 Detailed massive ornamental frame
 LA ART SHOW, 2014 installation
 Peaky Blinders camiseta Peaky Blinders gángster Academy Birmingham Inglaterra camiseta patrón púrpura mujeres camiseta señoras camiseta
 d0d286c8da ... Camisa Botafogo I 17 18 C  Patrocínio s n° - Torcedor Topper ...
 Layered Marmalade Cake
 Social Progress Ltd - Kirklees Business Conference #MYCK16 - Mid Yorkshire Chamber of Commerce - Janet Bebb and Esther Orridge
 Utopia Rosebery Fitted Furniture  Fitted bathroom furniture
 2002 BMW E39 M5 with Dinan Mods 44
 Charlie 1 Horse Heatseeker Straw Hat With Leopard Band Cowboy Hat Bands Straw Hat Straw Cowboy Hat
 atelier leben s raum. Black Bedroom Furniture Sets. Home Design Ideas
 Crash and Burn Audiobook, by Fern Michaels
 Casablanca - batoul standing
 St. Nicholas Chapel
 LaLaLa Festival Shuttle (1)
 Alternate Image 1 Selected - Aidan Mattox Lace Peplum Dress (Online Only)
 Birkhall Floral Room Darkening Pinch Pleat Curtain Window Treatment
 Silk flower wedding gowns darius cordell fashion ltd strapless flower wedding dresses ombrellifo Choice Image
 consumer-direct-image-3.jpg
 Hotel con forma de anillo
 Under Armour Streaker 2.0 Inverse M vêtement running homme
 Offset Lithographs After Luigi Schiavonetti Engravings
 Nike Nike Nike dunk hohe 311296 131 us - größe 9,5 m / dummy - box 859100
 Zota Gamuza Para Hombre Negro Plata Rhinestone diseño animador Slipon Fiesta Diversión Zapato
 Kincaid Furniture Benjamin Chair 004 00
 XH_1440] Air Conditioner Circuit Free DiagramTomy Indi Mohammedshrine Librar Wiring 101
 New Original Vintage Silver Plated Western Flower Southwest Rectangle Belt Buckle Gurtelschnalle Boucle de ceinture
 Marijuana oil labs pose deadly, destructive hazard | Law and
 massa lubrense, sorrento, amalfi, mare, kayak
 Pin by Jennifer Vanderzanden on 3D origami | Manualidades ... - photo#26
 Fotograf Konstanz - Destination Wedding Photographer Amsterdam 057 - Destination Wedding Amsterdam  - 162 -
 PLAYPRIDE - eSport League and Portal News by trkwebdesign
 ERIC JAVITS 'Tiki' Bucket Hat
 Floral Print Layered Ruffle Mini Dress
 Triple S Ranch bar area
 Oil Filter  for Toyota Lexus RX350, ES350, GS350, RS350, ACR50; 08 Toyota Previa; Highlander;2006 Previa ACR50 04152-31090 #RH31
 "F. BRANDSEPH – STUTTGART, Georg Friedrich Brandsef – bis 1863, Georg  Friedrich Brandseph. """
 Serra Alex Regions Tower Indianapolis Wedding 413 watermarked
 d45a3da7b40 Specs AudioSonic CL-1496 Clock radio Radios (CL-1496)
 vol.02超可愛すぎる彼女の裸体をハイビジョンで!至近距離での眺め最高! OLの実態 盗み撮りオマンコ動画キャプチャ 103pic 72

::::

» **TASK ITEM**:
Among the entries above, identify all lines with "Floral" and copy them.

» **WRITTEN ANSWER**:
 Birkhall Floral Room Darkening Pinch Pleat Curtain Window Treatment
 Floral Print Layered Ruffle Mini Dress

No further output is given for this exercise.